Back in 2008 the game-to-movie project was announced but has suffered in development purgatory ever since. In April ‘09 Universal demanded the budget shrink from $160 million.
Pre-production screeched to a halt on it when no studio would touch the R-rated version that was planned. Verbinksi was adamant he wouldn’t water it down. Pun!
”I couldn’t really get past anybody that would spend the money that it would take to do it and keep an R rating,” explained the Gore Verbinksi, a Pirates of the Caribbean big cheese. ”Alternately, I wasn’t really interested in pursuing a PG-13 version. Because the R rating is inherent. Little Sisters and injections and the whole thing. I just wanted to really, really make it a movie where, four days later, you’re still shivering and going, ‘Jesus Christ!’”
2K’s BioShock is certainly no kid friendly adventure with the themes it deals with and severe genetic abuses it’s underwater denizens were subjected to. ”It’s a movie that has to be really, really scary, but you also have to create a whole underwater world, so the price tag is high. We just didn’t have any takers on an R-rated movie with that price tag.”

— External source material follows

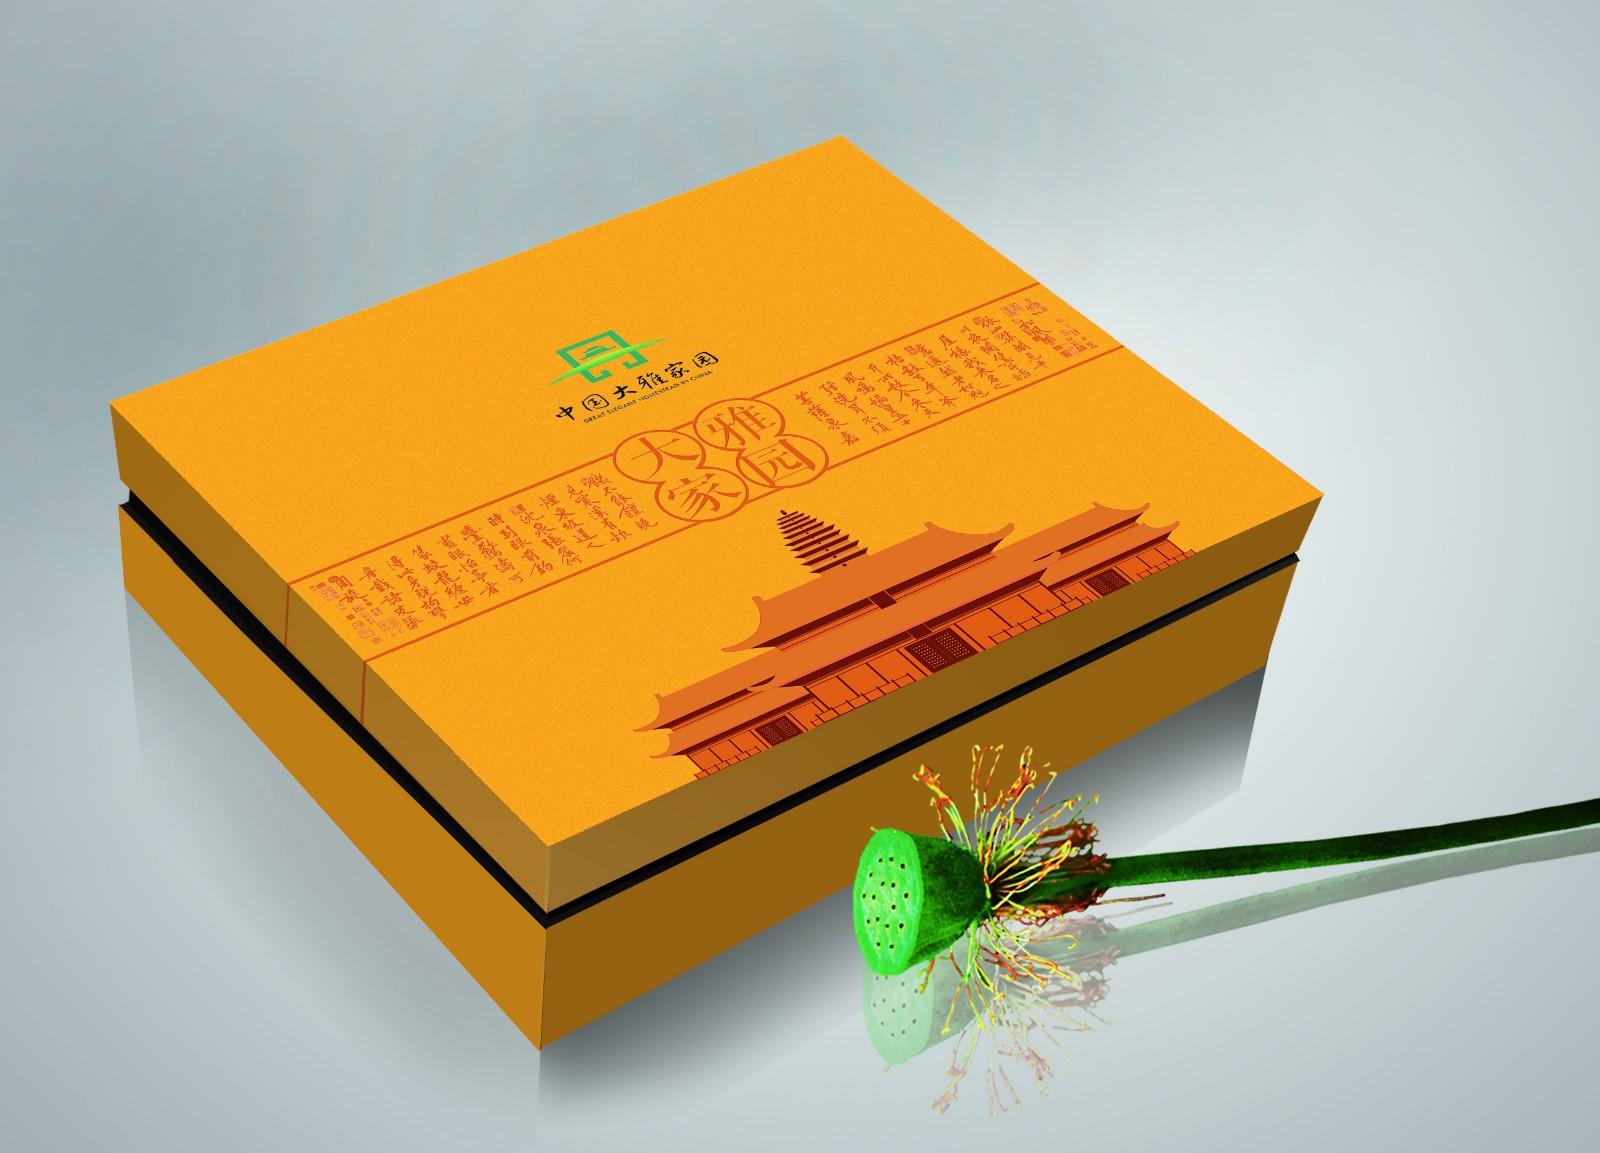 丹橙果业桔橙礼品盒包装设计_成都桔橙水果包装设计公司_成都不知火包装设计公司_成都爱媛包装设计公司
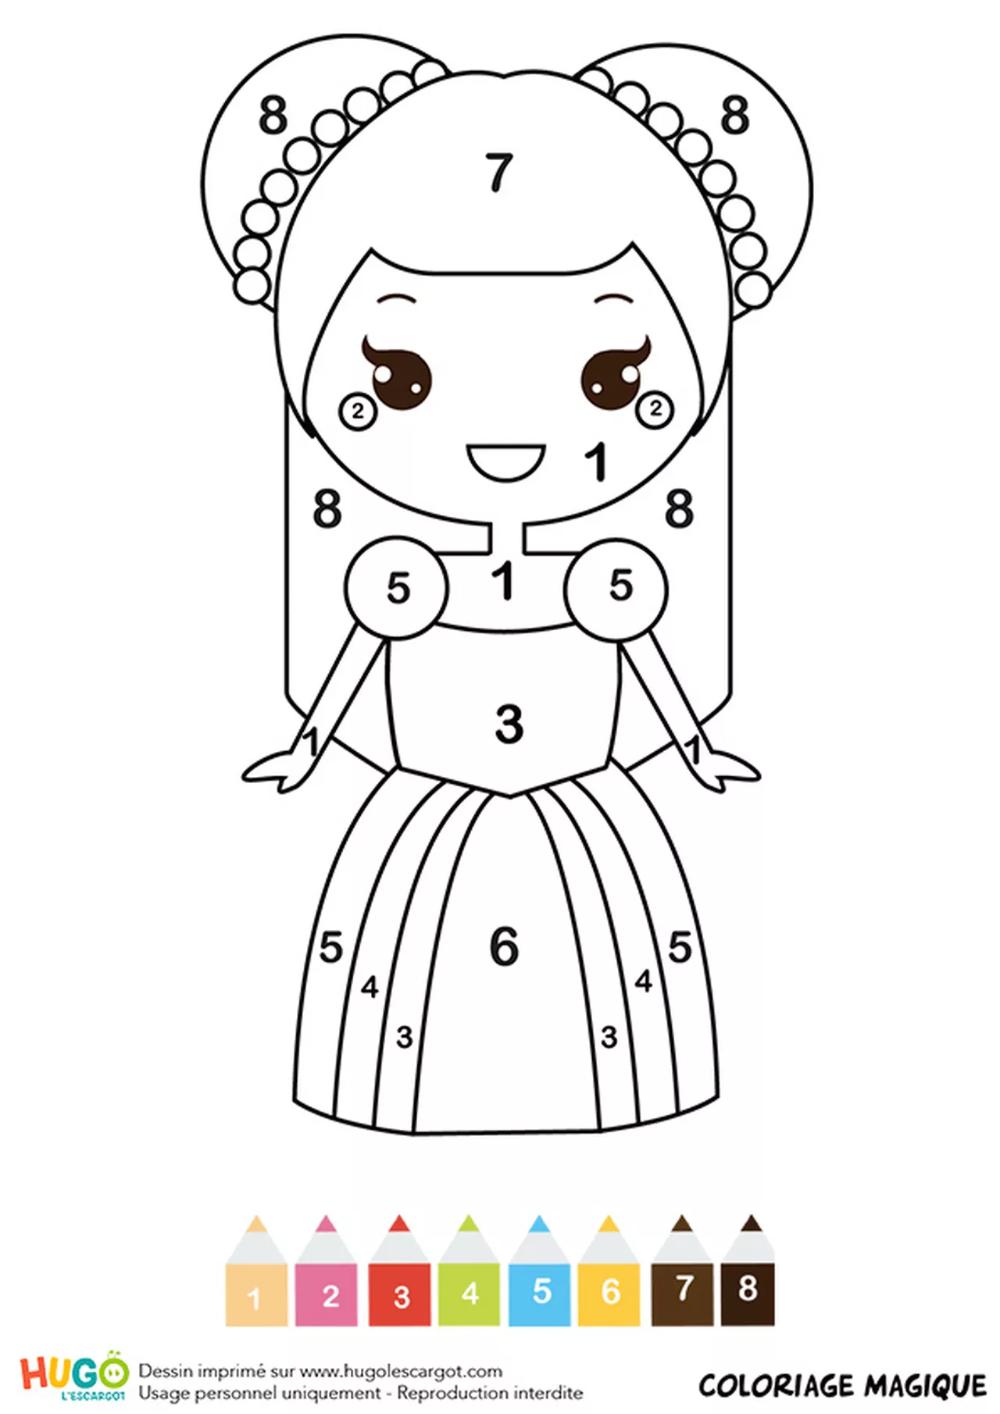 Coloriages Magiques: coloriages magiques princesses

Creator Ken Levine says there’s really no need for a film anyway. He and the development team have no burning desire ”to have a movie made just to get it made,” he said.
”For us and for Take-Two, it’s really got to be something that will a) give the fans something that they want, and b) for those who don’t know BioShock, really introduce them to something that is consistent with the game, and is it going to be a good representation of the game.”
”There are differences between games and movies, no doubt, but the movie has to draw from the same DNA in terms of the world and the story beats. But you know, we don’t have a need to get it made.”
Are you hopeful if a BioShock movie does get made then Gore Verbinksi’s R-rated one sees the light of day?